The chances of a large crowd of Rangers fans getting, ah, boisterous at the event after a long, hot day of bonhomie and Buckfast were as high as Friday’s mid-afternoon sun. Because – let’s face it – Rangers fans aren’t known for their commitment to DEI and good relations. It's not that long ago since they erected a large banner at Ibrox reading ‘Keep woke foreign ideologies out. Defend Europe’. For fans whose team is chock-full of foreigners and for fans who were in the vanguard of the Faragean drive to leave Europe, it was an intriguing message. Then just last week the same fans hoisted another banner with a picture of a bloke firing a shotgun over the words ‘Take aim against the Rebel scum’.

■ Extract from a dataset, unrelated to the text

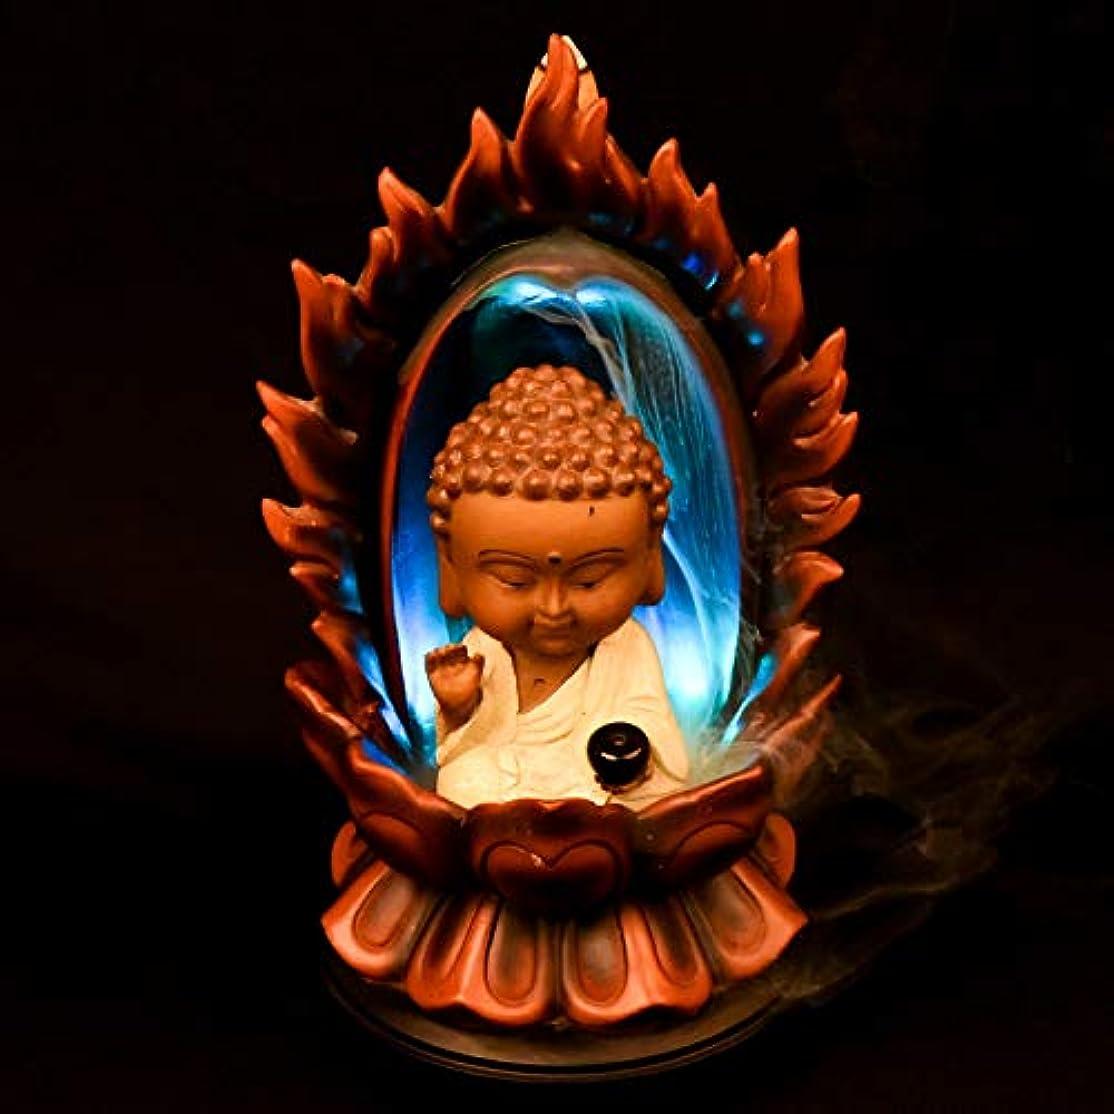 ペンス嬉しいですテレマコスPHILOGOD 樹脂逆流香 パーソナリティスタイリング仏壇用香炉/香立て お香 ホルダー ホームデコレーション

HOT WATER: Rangers face potential sanctions for a number of offensive banners at Ibrox, including this one which forced the club into a robust response
2Gallery

HOT WATER: Rangers face potential sanctions for a number of offensive banners at Ibrox, including this one which forced the club into a robust response

This kind of thing was tailor-made to upset progressive snowflakes like me, the Scottish police, UEFA and the Scottish First Minister, but it was even too much for the club itself, which has not been noted down through the years for its willingness to clamp down on anti-Catholic and racist sentiment within Ibrox. Rangers launched a series of pro-migrant showpieces in the wake of the foreigners-out banner – a response which infuriated that large section of the fanbase which takes its ‘No-one likes us, we don’t care’ chant not as a bit of tuneless fun, but as a mission statement. And when the club condemned the Rebel shotgun banner as “unacceptable”, it was another betrayal of the staunch core which sees an aversion to rosary beads and priests as a prerequisite of membership of the Rangers Family.

So as the SSE Arena suits gathered ahead of the Rangers musical, they wouldn’t have needed a football expert to alert them to the simple fact that the coming Rangers event was a red flag in terms of community cohesion, and they wouldn’t have needed to look into the bottom of their empty teacups to see that the future was highly likely to involve some less than inclusive behaviour. In other words, the SSE was amply forewarned, but it decided that it didn’t need to be forearmed and the arena was handed over to the guldering louts to chant Vatican-obsessed slasher fantasies till their blue and white hearts’ content,  without so much a friendly tap on the shoulder, much less a robust warning.

Those stout-hearted guardians of our moral souls, the BBC Ulster phone-ins, decided on Monday to give the SSE Arena Rangers story a by-ball. Perhaps they thought that after their record-breaking run with Kneecap their audience had had enough of stories about controversial words being said or sung at concerts; or perhaps they thought that revelling in the spilling of Fenian blood was not as indictable an offence as asking people to kill their MP. If the latter was the rationale, then I’d gently suggest that for outlets so normally tuned in to the loyalist zeitgeist, they need to familiarise themselves with the Rangers canon. Paramilitaries are, of course, an integral aspect of the Rangers experience for the hardline fans and the exploits of the UDA and UVF are celebrated with gusto. Both those organisations have diversified over the years to the point where they’ve got sovereign-ringed fingers in a lot of criminal pies: loan-sharking, drugs, people-trafficking, prostitution, protection rackets and general noncery. But they remain best-known for wading in Fenian blood.

And so when their supporters sing a song about how much they admire the knifeplay of the Billy Boys, it probably needs to be taken a little more literally – and seriously – than three rappers in shell suits singing about killing Tories.